Dataset entries
>>>>>
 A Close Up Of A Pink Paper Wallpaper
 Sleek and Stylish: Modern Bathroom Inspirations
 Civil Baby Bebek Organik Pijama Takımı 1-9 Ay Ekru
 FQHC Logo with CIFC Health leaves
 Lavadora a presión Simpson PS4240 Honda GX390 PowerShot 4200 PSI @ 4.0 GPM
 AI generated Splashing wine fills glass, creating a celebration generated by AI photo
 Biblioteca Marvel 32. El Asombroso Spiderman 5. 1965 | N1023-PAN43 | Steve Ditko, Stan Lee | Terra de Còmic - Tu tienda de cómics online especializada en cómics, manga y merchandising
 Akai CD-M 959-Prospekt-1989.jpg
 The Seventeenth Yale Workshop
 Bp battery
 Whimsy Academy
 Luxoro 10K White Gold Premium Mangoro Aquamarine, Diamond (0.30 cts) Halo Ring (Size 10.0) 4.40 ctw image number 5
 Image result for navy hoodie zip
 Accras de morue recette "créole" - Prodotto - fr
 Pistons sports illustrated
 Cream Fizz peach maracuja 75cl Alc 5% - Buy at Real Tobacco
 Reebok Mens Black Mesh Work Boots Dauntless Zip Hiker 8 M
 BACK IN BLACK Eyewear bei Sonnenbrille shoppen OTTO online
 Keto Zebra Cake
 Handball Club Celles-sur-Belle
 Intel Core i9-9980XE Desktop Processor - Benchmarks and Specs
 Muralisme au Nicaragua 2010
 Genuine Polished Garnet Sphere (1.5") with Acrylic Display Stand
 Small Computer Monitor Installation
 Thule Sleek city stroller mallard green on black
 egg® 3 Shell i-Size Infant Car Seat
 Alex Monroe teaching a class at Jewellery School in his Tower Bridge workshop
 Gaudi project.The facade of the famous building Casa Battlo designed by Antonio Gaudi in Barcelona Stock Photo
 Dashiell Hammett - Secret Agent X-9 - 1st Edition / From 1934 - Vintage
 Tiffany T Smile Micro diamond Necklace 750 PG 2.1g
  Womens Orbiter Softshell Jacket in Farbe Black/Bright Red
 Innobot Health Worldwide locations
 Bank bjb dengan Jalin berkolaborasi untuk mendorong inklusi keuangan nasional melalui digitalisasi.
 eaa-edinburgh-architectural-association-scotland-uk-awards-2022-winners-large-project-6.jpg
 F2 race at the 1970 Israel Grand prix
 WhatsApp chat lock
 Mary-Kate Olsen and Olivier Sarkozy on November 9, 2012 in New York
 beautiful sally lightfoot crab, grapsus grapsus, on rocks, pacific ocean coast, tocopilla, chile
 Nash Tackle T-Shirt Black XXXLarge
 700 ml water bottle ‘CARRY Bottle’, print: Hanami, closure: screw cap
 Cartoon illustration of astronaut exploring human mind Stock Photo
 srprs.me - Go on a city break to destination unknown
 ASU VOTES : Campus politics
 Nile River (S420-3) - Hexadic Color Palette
<<<<<
» What the exercise asks
Which lines of the data contain the word "project"? Copy each one.

» Answer box
 Gaudi project.The facade of the famous building Casa Battlo designed by Antonio Gaudi in Barcelona Stock Photo
 eaa-edinburgh-architectural-association-scotland-uk-awards-2022-winners-large-project-6.jpg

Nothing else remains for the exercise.